According to Bennett, the sacred anointing oil had fallen into disrepute with the Jewish priesthood during the time of Jeremiah, and was not revived until the emergence of John the Baptist. In the hundred years following Jesus’ execution, dozens of Christian sects appeared, many of which were Gnostic, which means they placed an emphasis on knowledge rather than faith. Many Gnostics were also involved with sacramental drug use involving cannabis and mushrooms. This trend peaked with the rapid spread of Manichaeism, a synthesis of Zoroastrianism, Buddhism and Christianity that eventually became intensely persecuted by all three religions.
Bennett’s theories on the use of cannabis in the Bible received a major boost when one of the foremost scholars in the field, Carl P. Ruck, professor of classical mythology at Boston University, was interviewed by the London Sunday Times agreeing with Bennett. Ruck is most famous for being part of the team that coined the term “entheogen.” “There can be little doubt about a role for cannabis in Judaic religion,” said Ruck. “There is no way that so important a plant as a fiber source for textiles and nutritive oils and one so easy to grow would have gone unnoticed…the mere harvesting of it would have induced an entheogenic reaction.”

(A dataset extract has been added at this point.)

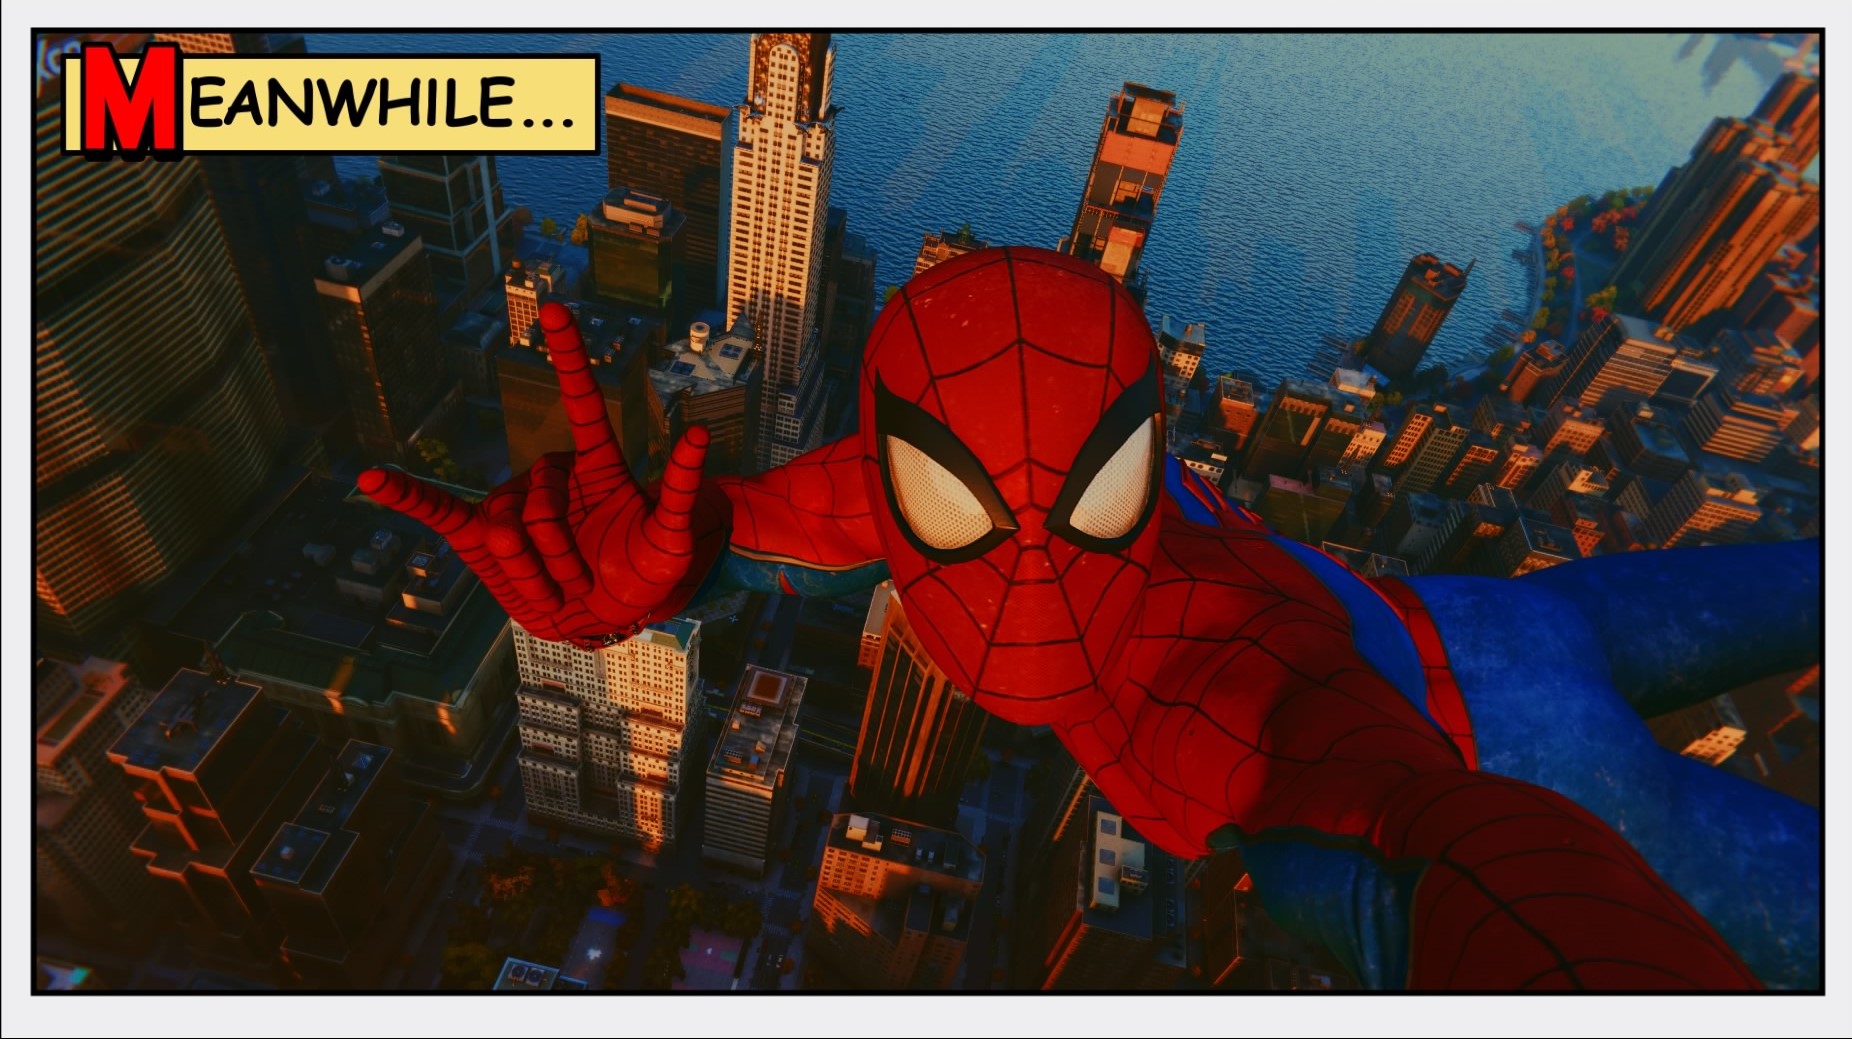 Marvel's spider-man

In fact, over the years many attempts seem to have been made to muddy the waters on haoma’s original identity, which is undoubtedly cannabis-based and related to the Indian soma. Such a change in the haoma recipe is supported by the findings at Kara Kum, where cannabis seems to have been eventually replaced by ephedra and, in some cases, possibly the addition of poppies. Today, most mainstream Zoroastrians recognize only ephedra as being part of the haoma ceremony, just as some renegade sects have always recognized only cannabis.